Understanding the behavior of solutions as time \( t \) moves towards infinity helps us foresee long-term trends in models and equations. The asymptotic behavior analyzed, as shown in the step-by-step solution, determines the ultimate disposition of functions in time.

• In our exercise, regardless of whether \( a = \lambda \) or \( a eq \lambda \), the solution \( y(t) \) approaches \( 0 \) as \( t \rightarrow \infty \).
• It is a crucial property for confirming if a model naturally decomposes over time or if it will stabilize to a non-zero state.

Such analyses are vital in areas like physics (for understanding damped motion), biological systems (for determining long-term rates of reaction), and economics (for evaluating the effect of decay rates on investments). Mathematical rigor in proving these limits helps ensure models' reliability and applicability in forecasting scenarios.

Exponential Decay

Exponential decay describes processes where the quantity reduces at a rate proportional to its current value. It is one of the key results in analyzing differential equations where coefficients remain constant.

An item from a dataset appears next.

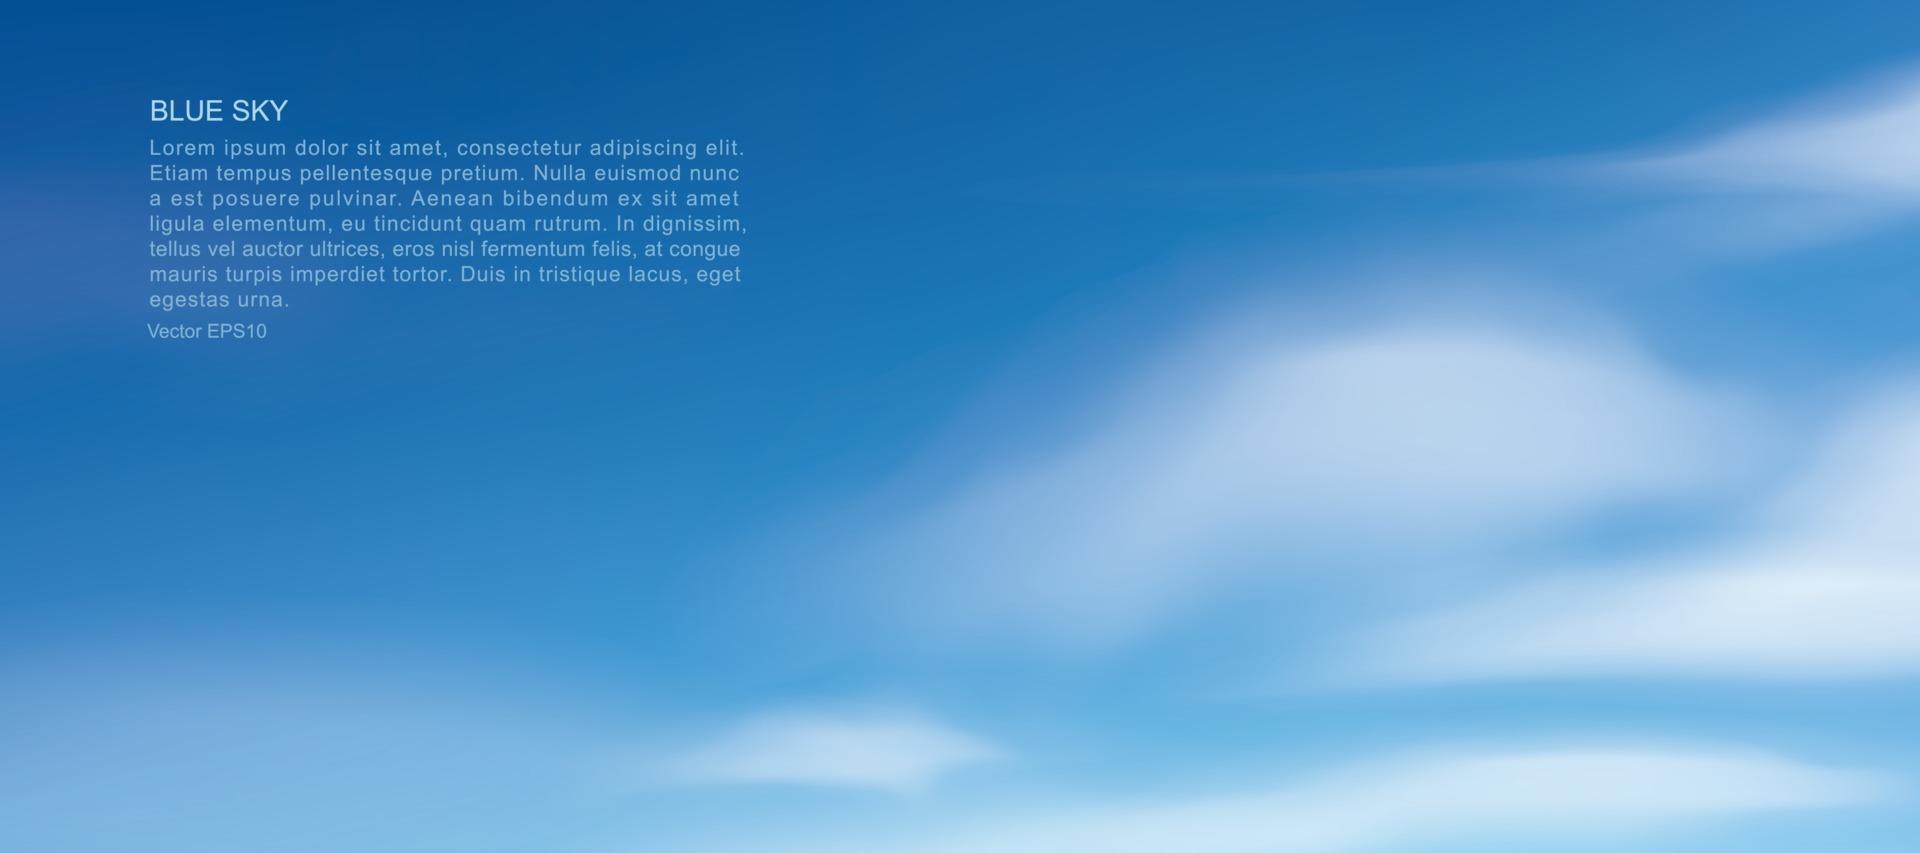 blå himmel bakgrund med vita moln. vektor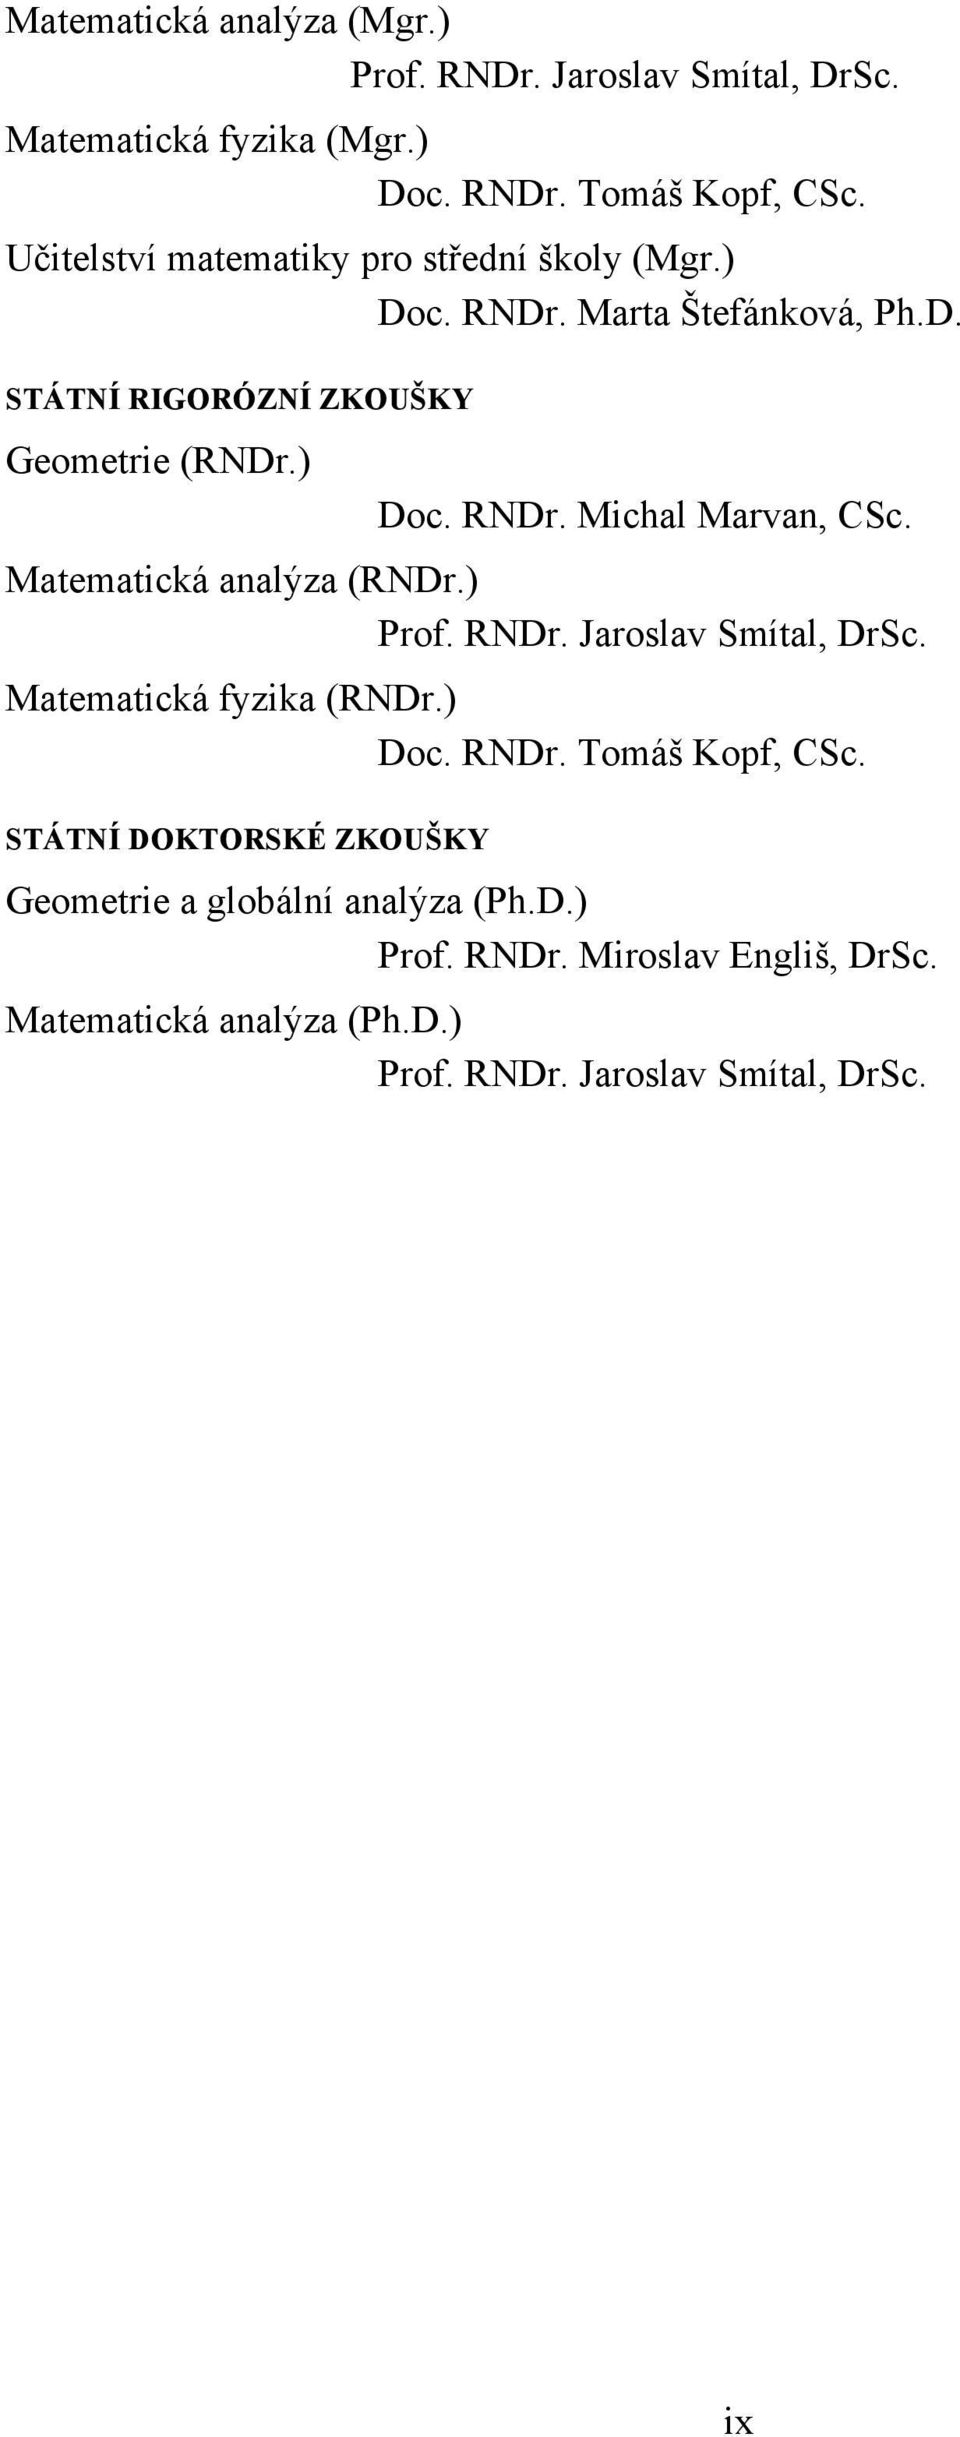 Matematická analýza (RNDr.) Prof. RNDr. Jaroslav Smítal, DrSc. Matematická fyzika (RNDr.) Doc. RNDr. Tomáš Kopf, CSc.

• In our exercise, when computing \( y(t) \, ext{as} \, t \rightarrow \infty \), terms like \( e^{at} \) and \( e^{-(\lambda - a)t} \) emerge.
• These terms decay exponentially if the exponent is negative, steadily driving \( y(t) \) towards zero over time.

The phenomenon is frequently encountered in physics, such as radioactive decay or thermal cooling and is adjustable to encompass more complex processes, modifying assumptions to fit various decay or growth rates. It highlights the practical, intuitive understandings in mathematics, emphasizing how initial parameters critically determine time evolution and eventual equilibrium states inside controlled systems.